He also acted in the movie, Lovely Rivals and Wet Dreams 2. His first major role was as Kim Jaewon's rival for Eugene's affections in Wonderful Life. He then starred in Hello! Miss and New Heart. He also starred in KBS daily drama You Are My Destiny opposite of Girls' Generation member, Im Yoona.

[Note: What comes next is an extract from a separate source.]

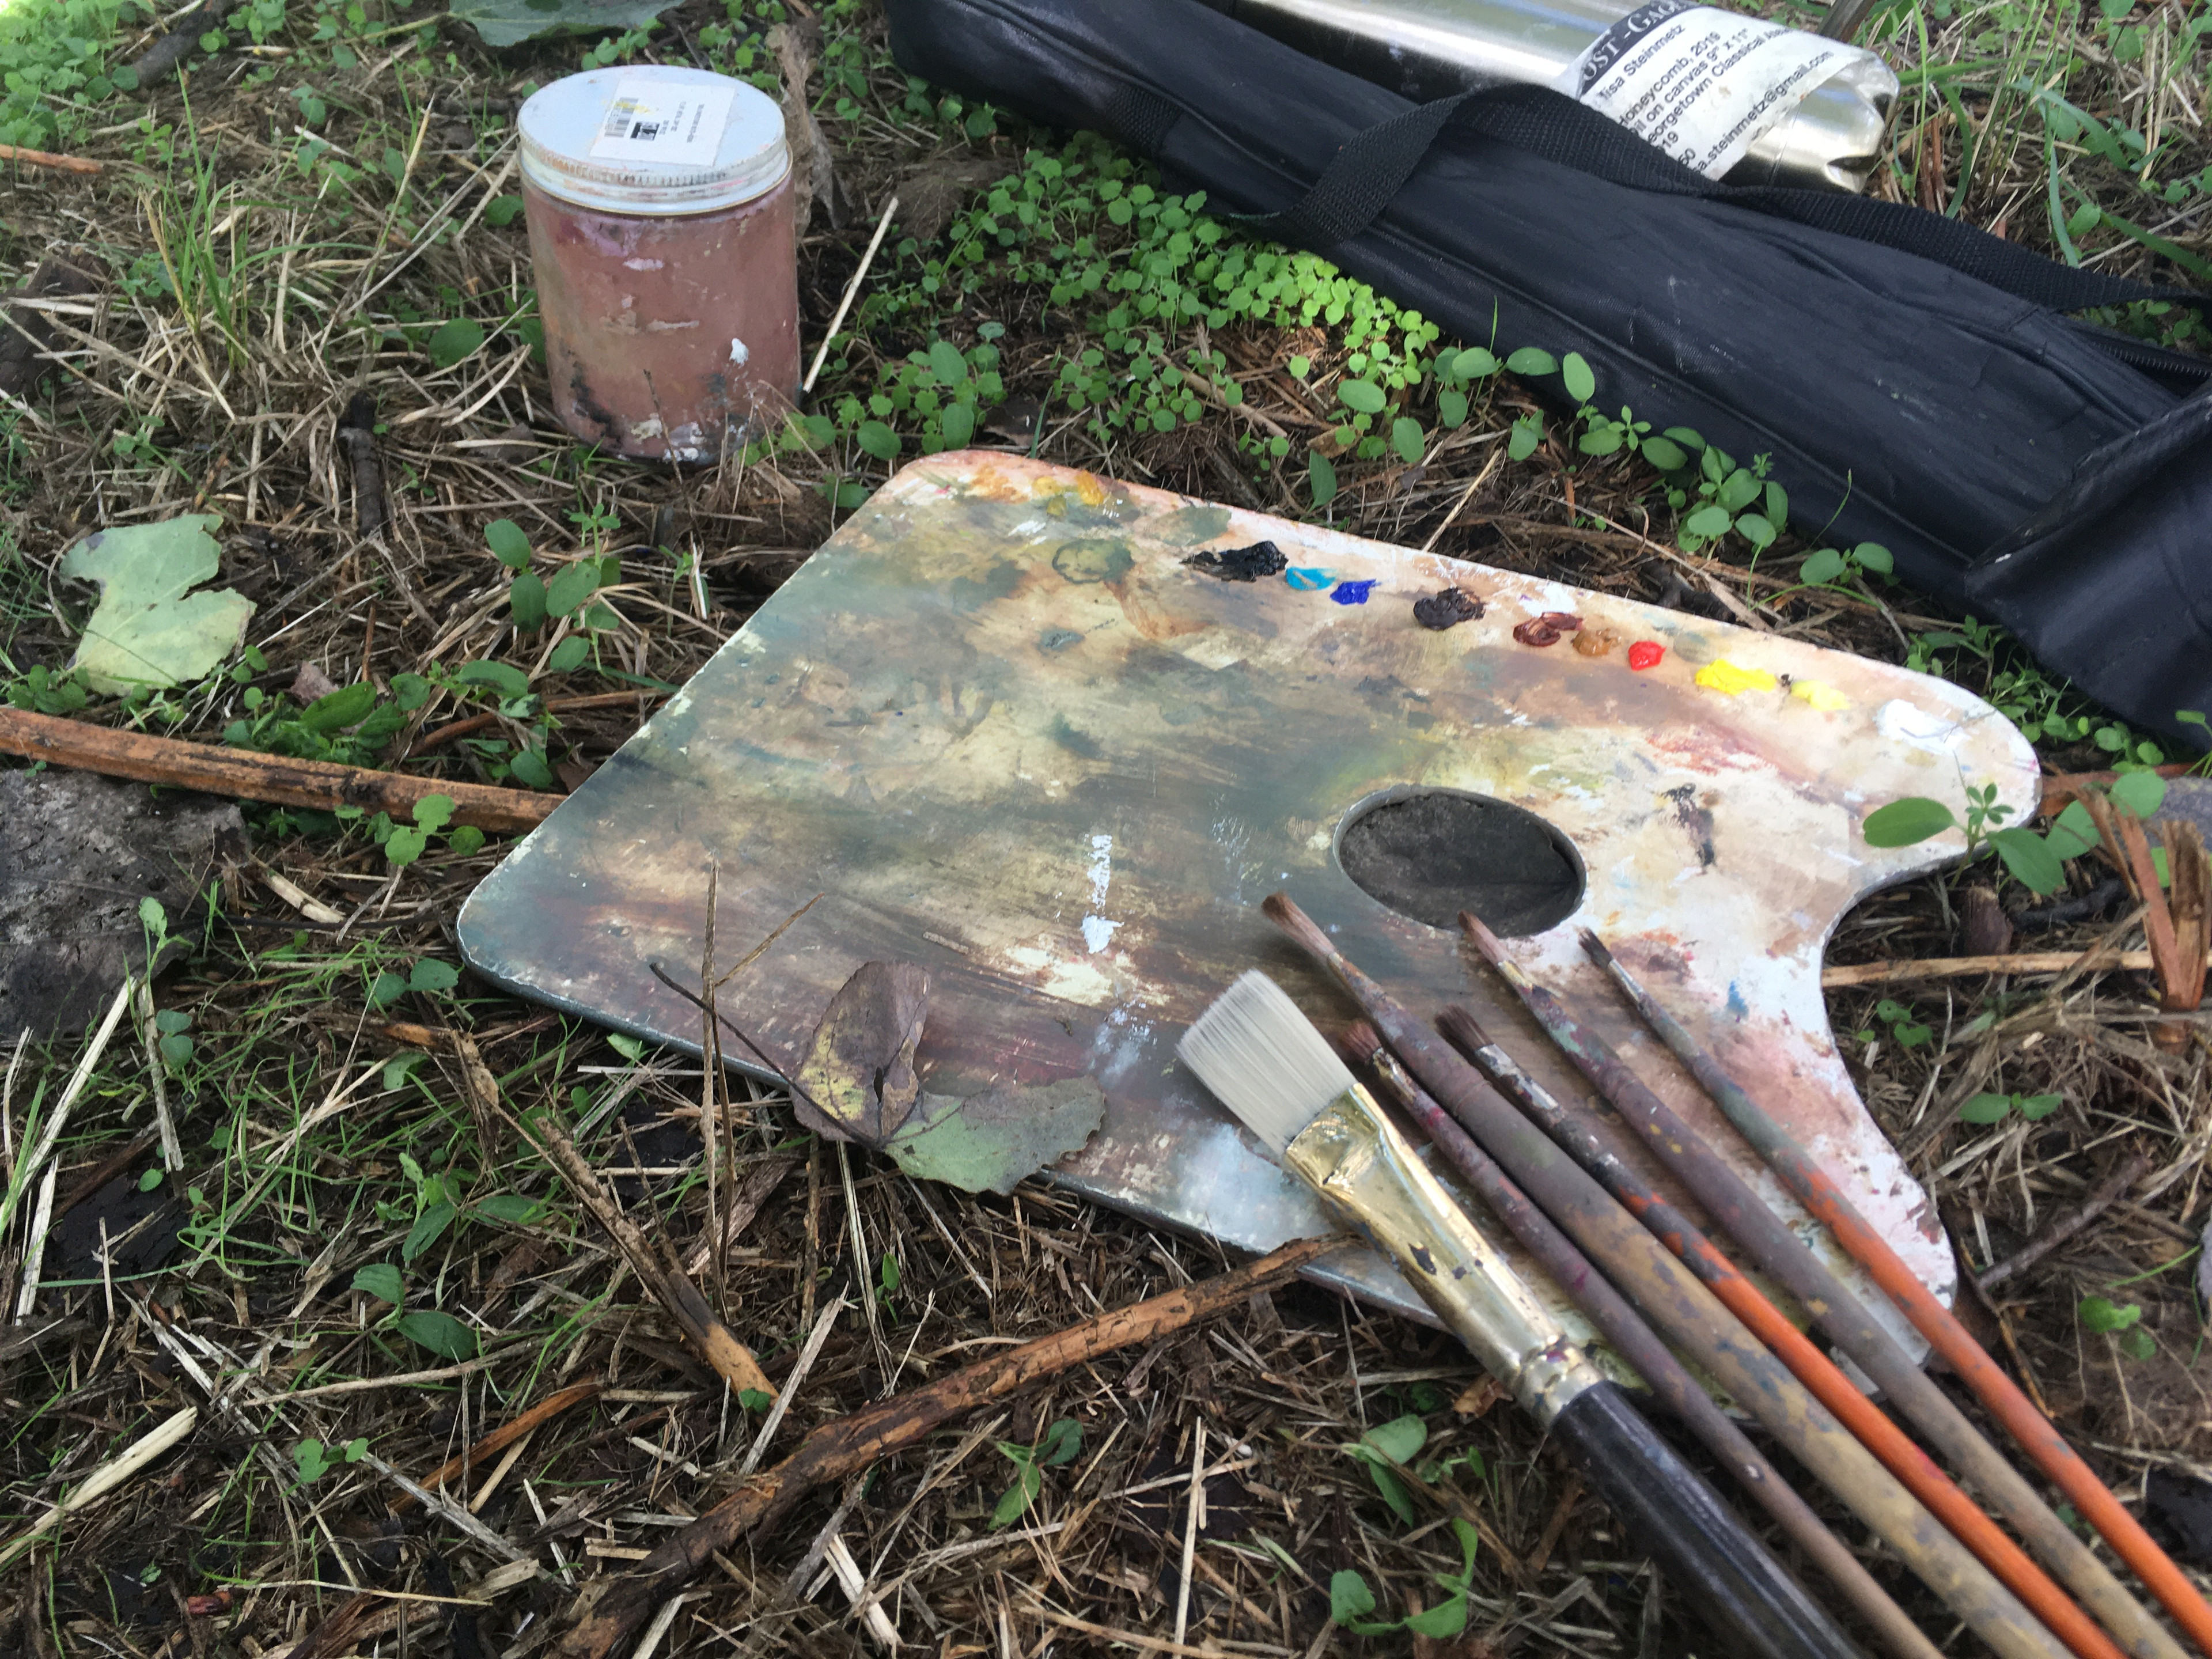 For my set up, I like using a small hand-held palette, various brush sizes, gamsol in a glass jar, and oil paints. I also bring along a foldup chair and a light red easel so I can clip my painting to it.

In March 2011, Lee signed with Japanese label EMI Music Japan. Lee performed as male lead Daniel, rotating with Um Ki-joon, Ahn Jae-wook, Song Seung-hyun of FT Island and Lee Sungmin of Super Junior in the musical Jack the Ripper from July 5 to August 14, 2011, at Chungmu Arts Hall.

In September 2013, it was announced that Lee had been cast as Fiyero Tigelaar in the Korean production of the musical Wicked.

== Personal life ==
In April 2021, Lee announced on his Instagram that he would marry his non-celebrity Japanese girlfriend, Ayane Miura, who is fourteen years his junior. The wedding was intended to be held in October 2021, but had to be postponed to November 2021 due to COVID-19. The wedding took place on November 8, 2021.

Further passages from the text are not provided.